Gastroenterology Department, Centro Hospitalar e Universitário de Coimbra, Praceta Prof. Mota Pinto, 3004-561, Coimbra, Portugal.
Faculty of Medicine, University of Coimbra, Coimbra, Portugal.
Ann Clin Microbiol Antimicrob. 2023 Jul 4;22(1):54. doi: 10.1186/s12941-023-00582-2.
Hybrid therapy (HT) is a non-bismuth quadruple therapy created to surpass Helicobacter pylori's (H. pylori) resistance rates to antibiotics. HT has excellent eradication rates, as well as a very good compliance and safety profile. We aim to compare HT with sequential therapy (ST) and concomitant therapy (CT) for the eradication of H. pylori.
This systematic review was conducted following the principles of the PRISMA guidelines. Literature was electronically searched on the CENTRAL library, PubMed, Embase, Scopus, LILACS, and ClinicalTrials.gov. Only randomized controlled trials were included.

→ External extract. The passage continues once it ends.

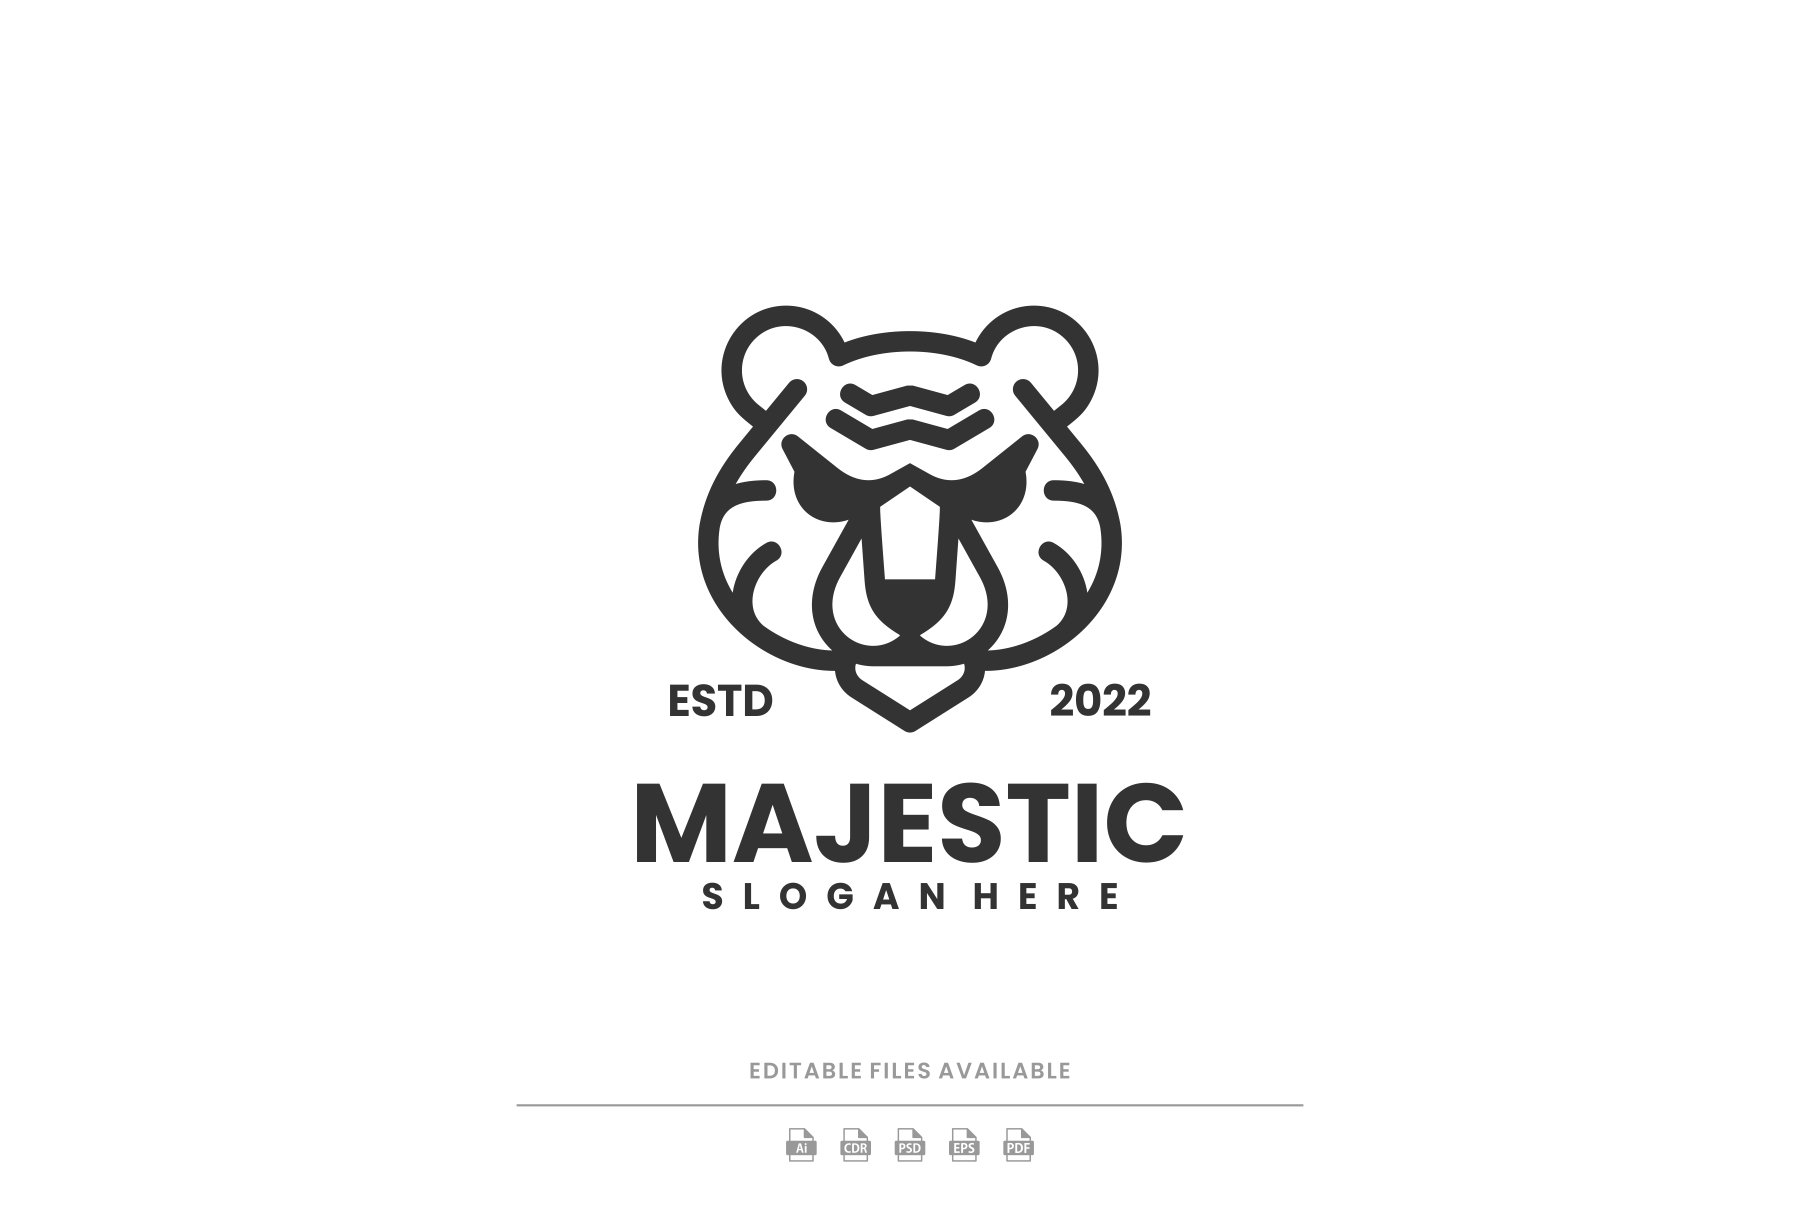 Majestic Tiger Line Art Logo cover image.

The primary outcome evaluated was eradication rate of H. pylori. The secondary outcomes evaluated were adverse events and compliance rates. Meta-analyses were performed with Cochrane Review Manager 5.4. The Mantel-Haenszel method was used to estimate the pooled relative risk and 95% confidence interval of the eradication rates between HT and other regimens, as well as the secondary outcomes.
10 studies were included, comprising 2993 patients. The mean eradication rates achieved by HT with intention-to-treat (ITT) and per-protocol (PP) analyses were, respectively, 86% (range: 79.2-90.8%) and 91.7% (range: 82.6-96.1%). No statistically significant difference was found in ITT eradication rate between HT and CT (relative risk: 1; 95% CI: 0.96- 1.03) and between HT and ST (relative risk: 1.02; 95% CI: 0.92-1.14). PP analysis revealed similar results. HT was associated with higher compliance rates than CT and slightly lower than ST. As far as adverse events are concerned, this meta-analysis demonstrated a higher occurrence of adverse events on the group of patients treated with CT when compared with HT. HT and ST showed similar results.
HT has similar eradication, compliance and adverse event rates when compared to ST, but a better safety profile than the CT.
混合疗法(HT)是一种非铋四联疗法,旨在提高幽门螺杆菌(H. pylori)对抗生素的耐药率。HT 具有较高的根除率,同时具有良好的依从性和安全性。我们旨在比较 HT 与序贯疗法(ST)和同时疗法(CT)对 H. pylori 的根除效果。
本系统评价遵循 PRISMA 指南的原则进行。通过 CENTRAL 图书馆、PubMed、Embase、Scopus、LILACS 和 ClinicalTrials.gov 对文献进行电子检索。仅纳入随机对照试验。主要结局评估为 H. pylori 的根除率。次要结局评估为不良反应和依从率。采用 Cochrane Review Manager 5.4 进行荟萃分析。采用 Mantel-Haenszel 法估计 HT 与其他方案之间的根除率的合并相对风险和 95%置信区间,以及次要结局。
纳入 10 项研究,共 2993 名患者。HT 的意向治疗(ITT)和符合方案(PP)分析的平均根除率分别为 86%(范围:79.2-90.8%)和 91.7%(范围:82.6-96.1%)。HT 与 CT 之间的 ITT 根除率无统计学差异(相对风险:1;95%CI:0.96-1.03),与 ST 之间也无统计学差异(相对风险:1.02;95%CI:0.92-1.14)。PP 分析也得出了类似的结果。HT 的依从率高于 CT,略低于 ST。至于不良反应,本荟萃分析显示,与 HT 相比,CT 组患者不良反应发生率更高。HT 和 ST 结果相似。
HT 的根除率、依从性和不良反应发生率与 ST 相似,但安全性优于 CT。